Мальчик замолчал, в свете редких звезд мне было видно его взгляд — взрослый пронзительный взгляд на детском лице. Воронов был невысокий, но с широкими плечами, и если бы не мягкие черты лица, по-детски еще округлые, то ему можно было дать лет двадцать. Он достал сигареты и закурил, вытащил из-под матраса тетрадный листок, сложенный вчетверо; в голосе его зазвенел лед:
— Женевьева мне денег дала, за мой голос. Дала бумажку вот эту, сказала, это роль для прослушивания. Что она договорилась о пробах на радио, озвучивать спектакли и все такое, обещала, что мне заплатят. Записала на диктофон, как я говорю. Знала, что я не откажусь, что мне деньги нужны. Я потом ее во дворе дождался, она только лапками своими махнула, что не получилось мне роль выбить.
А я ей не поверил насчет роли и спектакля. Я в таких местах бывал, где никто никому не верит. И я никому не верю, даже ей. Точно дело нечистое было, почитайте — на бумажке угрозы всякие написаны и про деньги речь шла. Я забрался к Женевьеве на балкон и подслушал, как она звонит и включает запись. Сразу понял, что она не просто так это все затеяла.
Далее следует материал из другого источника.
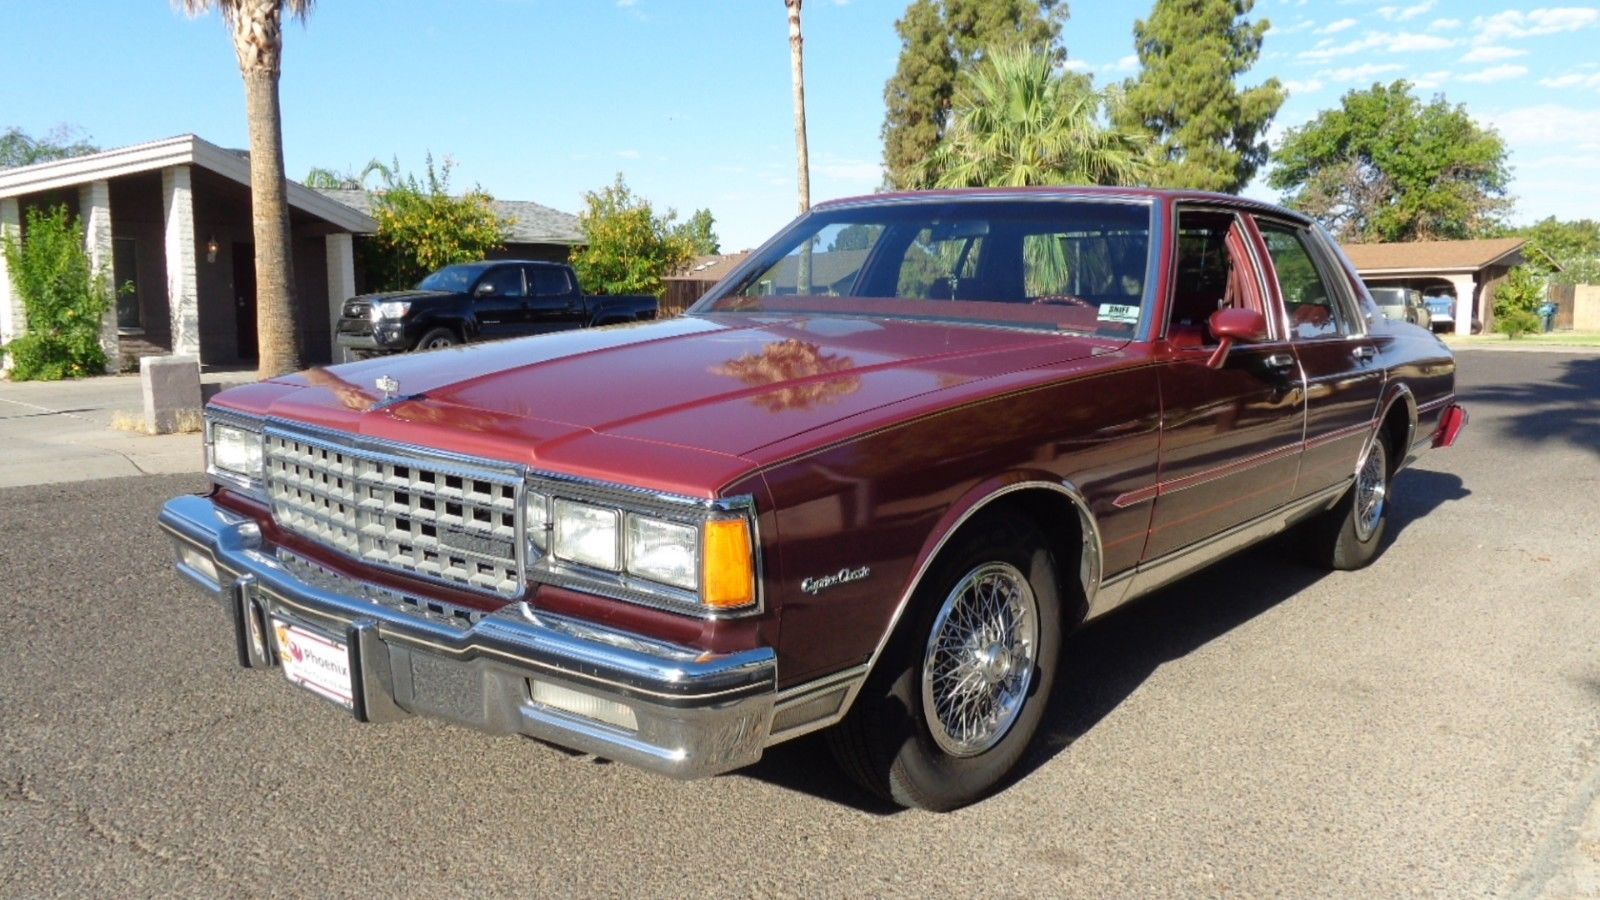 1984 Chevrolet Caprice $5051 50 for sale in Phoenix, AZ

Ну я в квартиру залез, пока она на кухне была, и все номера списал оттуда. Потом сам позвонил и потребовал денег. А вы согласились, привезли просто так этот миллион. Даже не думал, что так все легко будет. Я деньги не отдам, серьезно говорю, убить меня придется, чтобы забрать их.
Но меня интересовали не деньги:
— А телефон у одноклассницы украл? У Кати Ларионовой?
— Взаймы взял, мне нужно было. Если бы у Женевьевы украл, она заподозрила бы.
— Ты знаешь, где Адам Бланк?
— Не знаю я, где ваш пацан. Вот матерью клянусь, не знаю.
— А за что сейчас с Женевьевы деньги требовал?
— За молчание. Хороший понт дороже денег. Я давно понял, что она воду мутит. Звонки эти поддельные с моим голосом и угрозами. Куда-то ездит с баулами огромными.
— Так это ты следил за нами на вокзале?
— Я. Давно за ней наблюдаю, она два раза в неделю с огромной сумкой набитой куда-то ездит на электричке, а обратно пустая. Дачи у нее нет, руки после травмы нельзя напрягать. Вот решил — напугаю, вдруг тоже денег на пустом месте отвалит. Как с вами.
— А вчера, почему вчера за деньгами не пришел? В гараже сто тысяч тебе приготовили.